В тот же день Суворов собрал военный совет. Советоваться ему было не о чем, но поступая таким образом, он действовал на основании закона и пользовался этим средством, чтобы перелить в других принятое им решение, сделать свой взгляд их взглядом, свое убеждение их убеждением. Это очень трудно для военачальников ординарных, не возвышающихся над подчиненными ничем, кроме своего положения; но очень легко для таких, как Суворов. Тут не нужно ни разглагольствований, ни хитросплетенных доказательств; убеждает победный авторитет, увлекает ни перед чем не склоняющаяся воля. Немного говорил Суворов в совете и однако увлек всех, увлек тех самых людей, которые несколько дней назад считали тот же самый штурм неисполнимым. Младший из присутствовавших, бригадир Платов, произнес слово штурм, и штурм был решен всеми 13 лицами без исключения. Совет постановил: «приближась к Измаилу, по диспозиции приступить к штурму неотлагательно, дабы не дать время неприятелю еще более укрепиться, и посему уже нет надобности относиться к его светлости главнокомандующему. Сераскиру в его требовании отказать. Обращение осады в блокаду исполнять не должно. Отступление предосудительно победоносным её Императорского Величества войскам. По силе четвертой на десять главы воинского устава» 16. Из определения этого видно, что оно редактировано прямо против прежнего советского решения.

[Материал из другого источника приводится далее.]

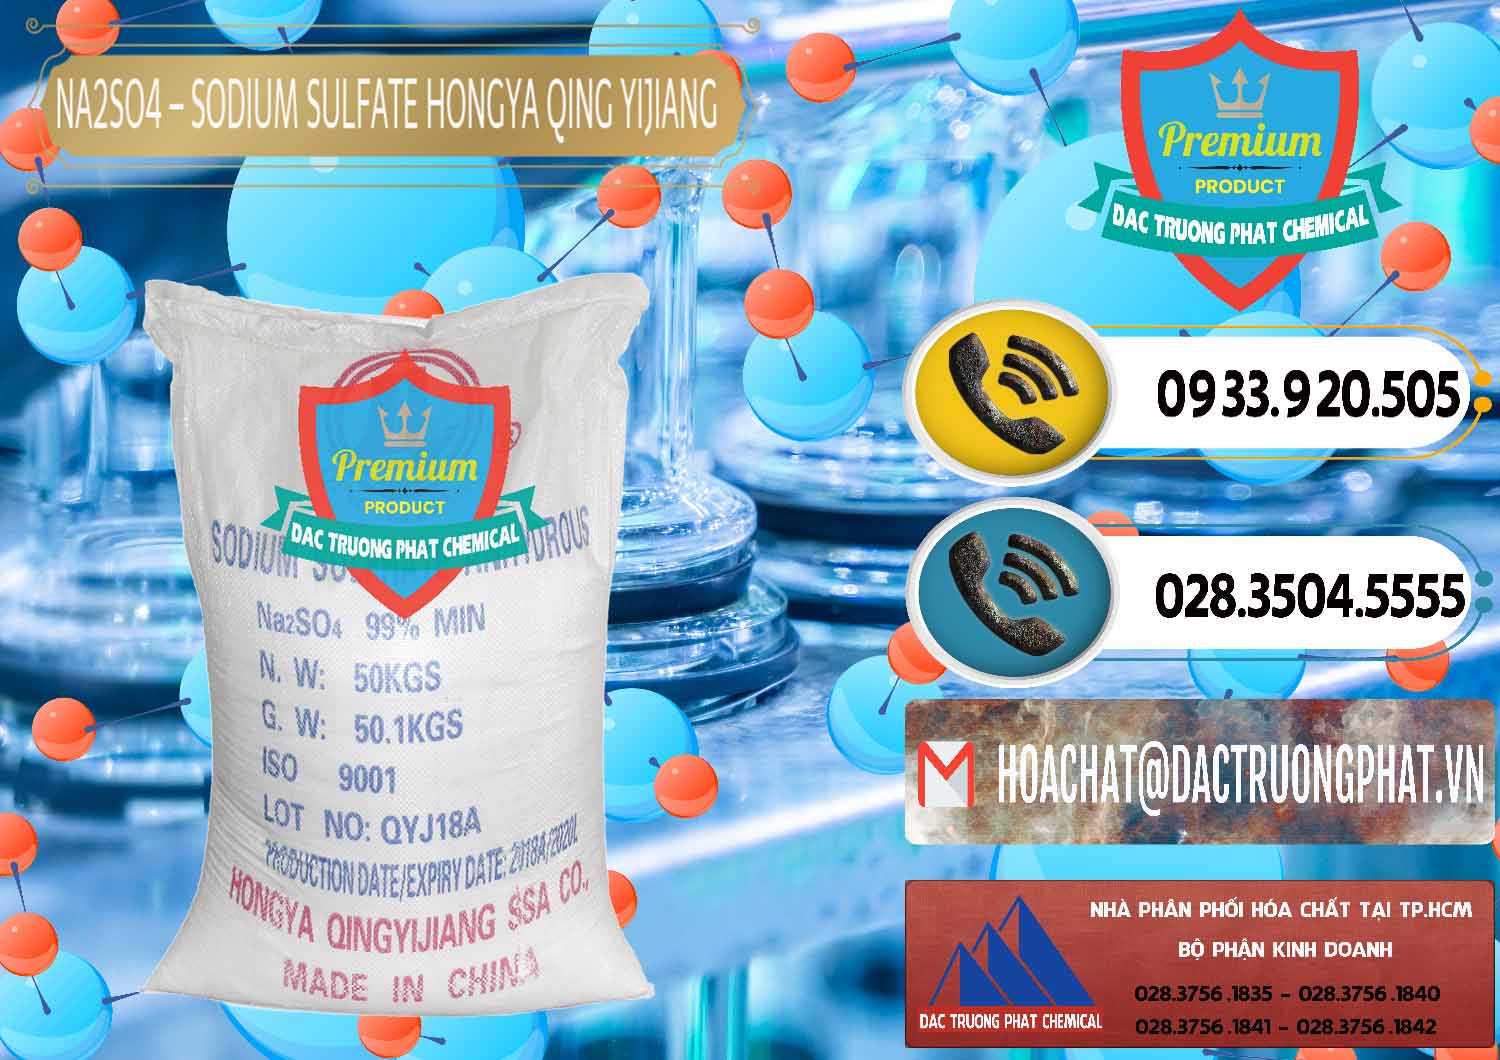 Công ty kinh doanh - bán Sodium Sulphate - Muối Sunfat Na2SO4 Logo Cánh Bườm Hongya Qing Yi Trung Quốc China - 0098 - Công ty chuyên cung ứng & phân phối hóa chất tại TP.HCM - hoachatdetnhuom.vn

Теперь штурм закреплен был окончательно, с формальной стороны. Некоторые повествуют, будто Потемкин, устрашенный риском предприятия, предоставил перед самым штурмом Суворову свободу — отступить. Это ничем не подтверждается. Из предписаний Потемкина 29 ноября видно, что он и не приказывал Суворову штурмовать во что бы то ни стало; следовательно не было надобности предоставлять ему свободу действий, которую он без того имел. Во все это время Потемкин писал к Суворову, сколько известно, только раз, 4 декабря, о доставке снарядов, причем сказал: «даруй Боже тебе. мой любезнейший друг, счастья и здоровья», ничего больше, Суворов писал ему два раза: 3 декабря, что штурм будет дней через пять, что «обещать нельзя, Божий гнев и милость зависят от Его провидения»; а дня 2 или 3 позже, как бы в устранение вмешательства Потемкина: «мы бы вчера начали, если бы Фанагорийский полк сюда прибыл». Очевидно, последнее было сказано только для заявления решимости, в устранение сомнений Потемкина, ибо не могло быть исполнено прежде доставления сераскиру письма и получения ответа 16.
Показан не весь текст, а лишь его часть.